■ **Exercise brief**
Without the pictures, copy all of the data exactly.

■ **Supplied information**
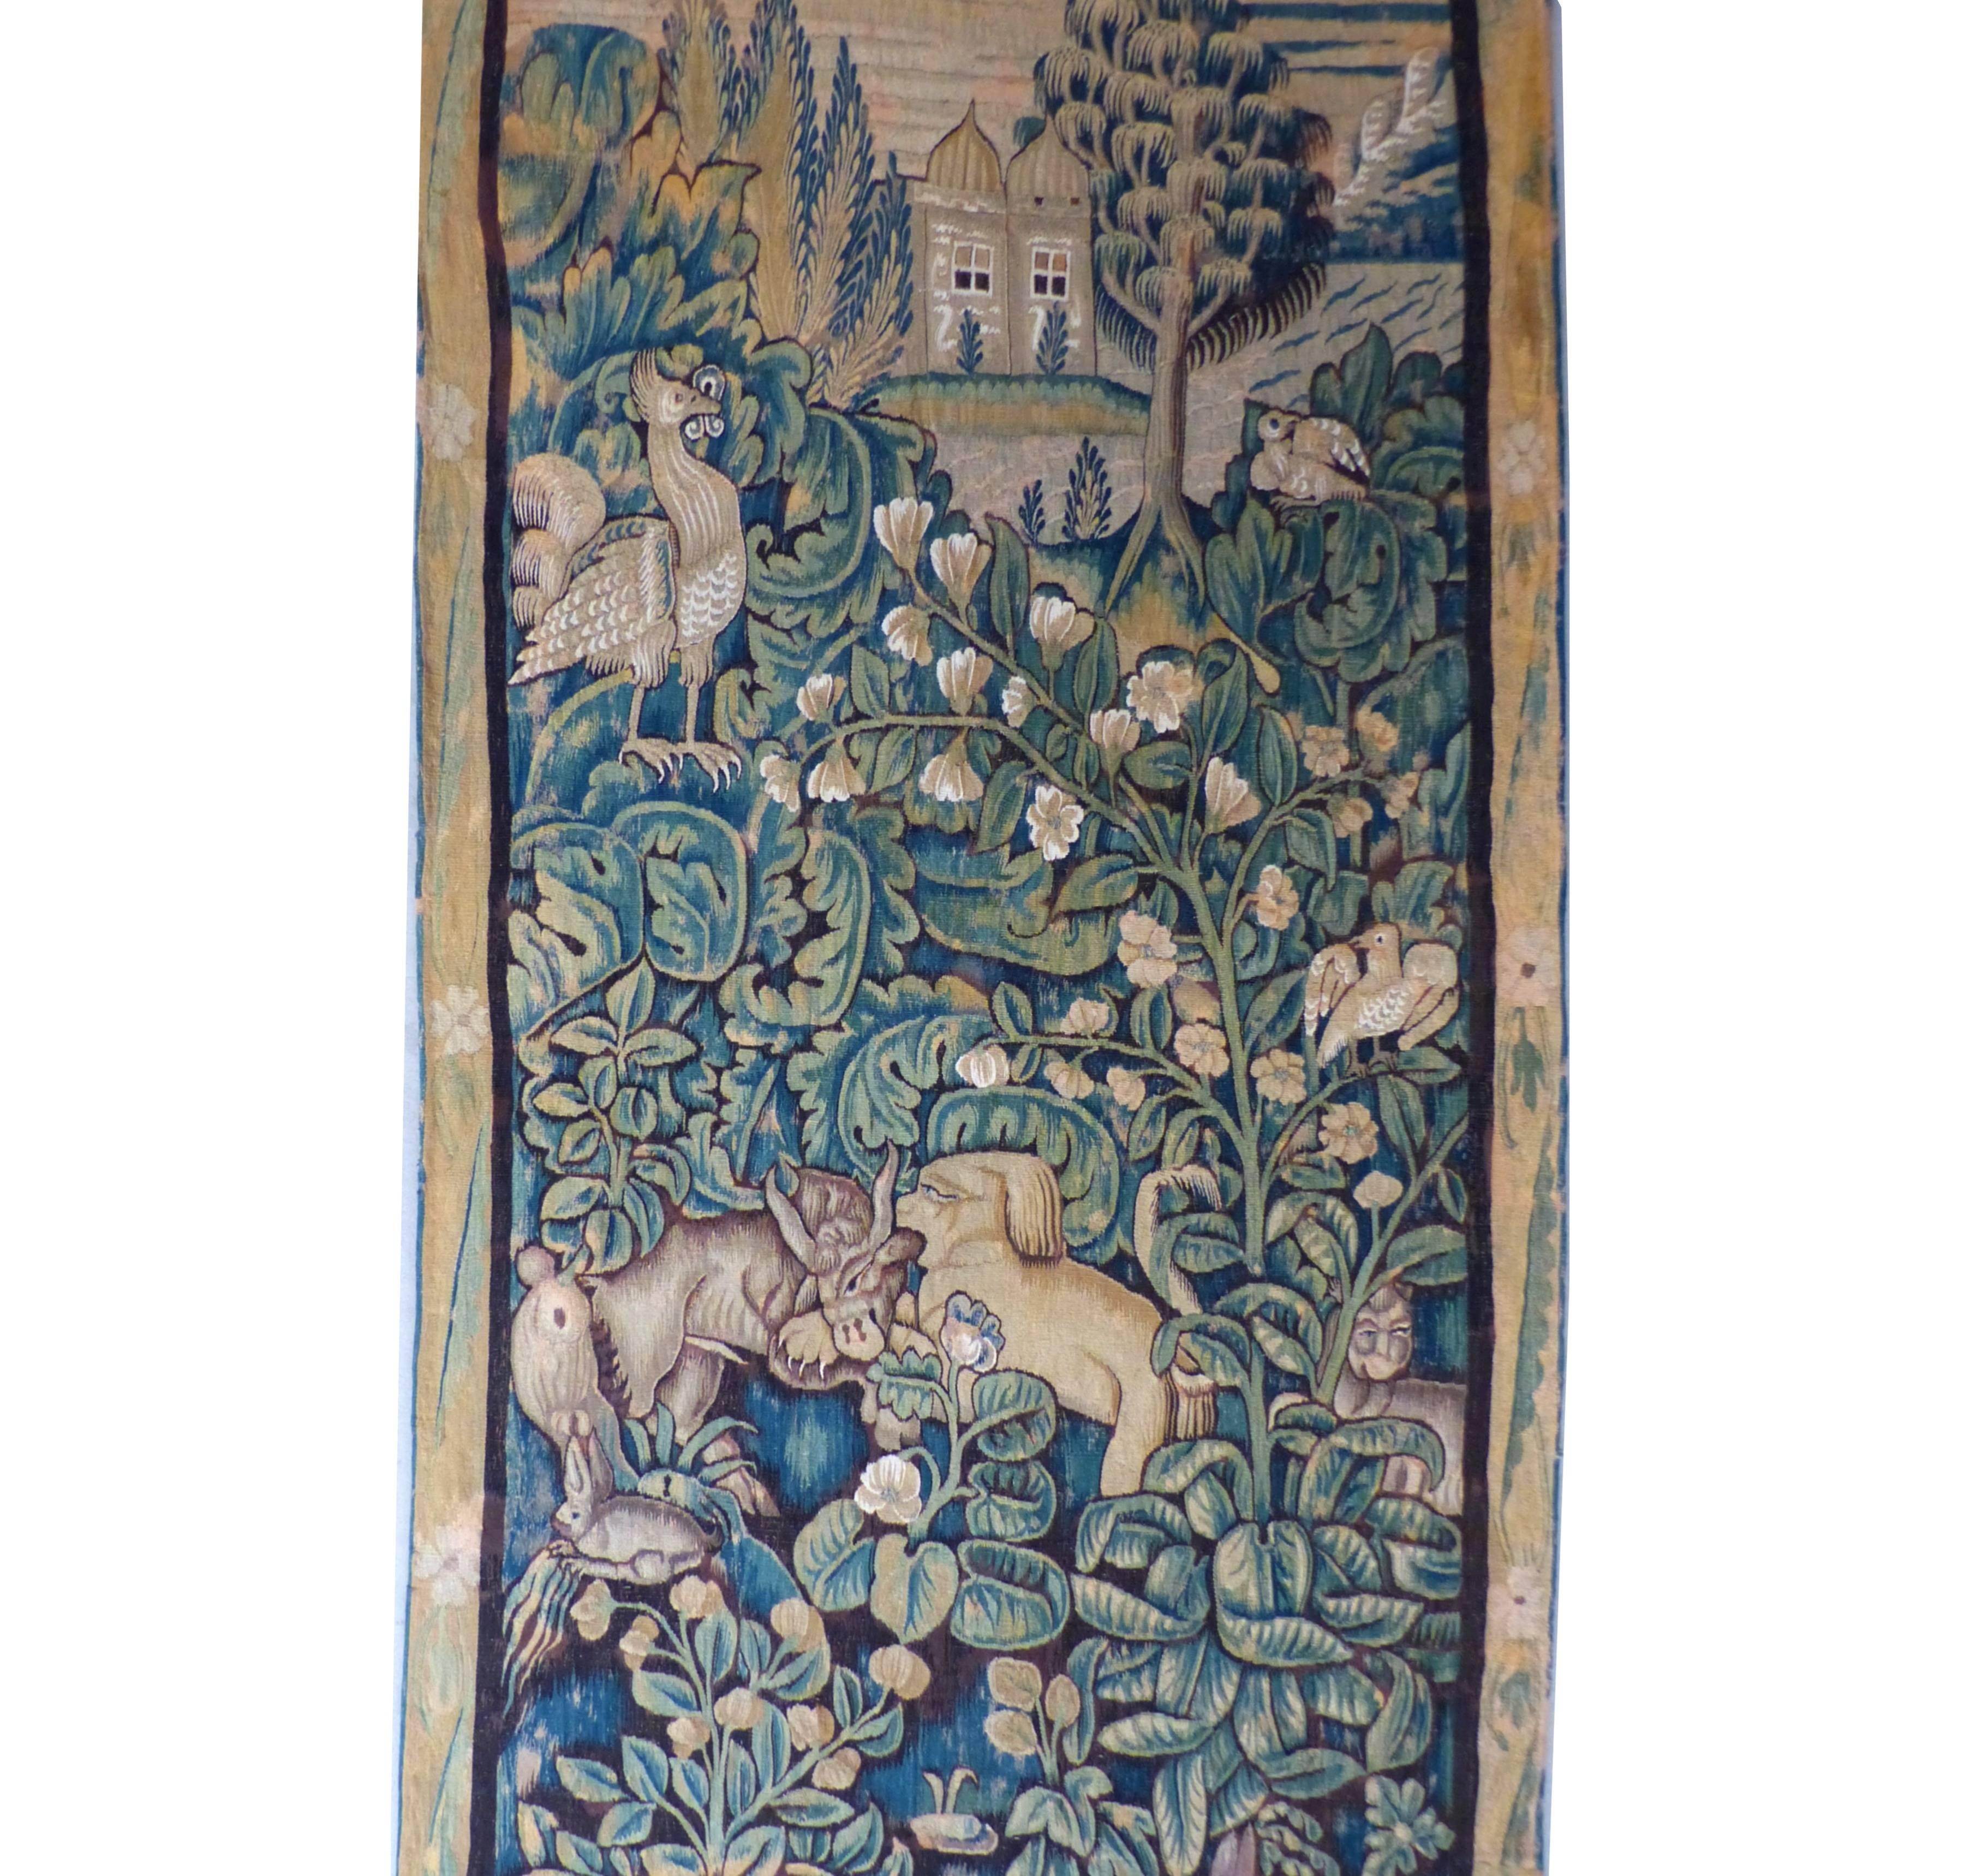 Flemish fragment, Oudenaarde. Second half of the 16th century. 
The aristolocche with animals and birds shows large leaves.
The aristoloche leaves were an item of decor fashion during the 16th century and appeared in works mostly woven in the

■ **Task result**
 Flemish fragment, Oudenaarde. Second half of the 16th century. 
The aristolocche with animals and birds shows large leaves.
The aristoloche leaves were an item of decor fashion during the 16th century and appeared in works mostly woven in the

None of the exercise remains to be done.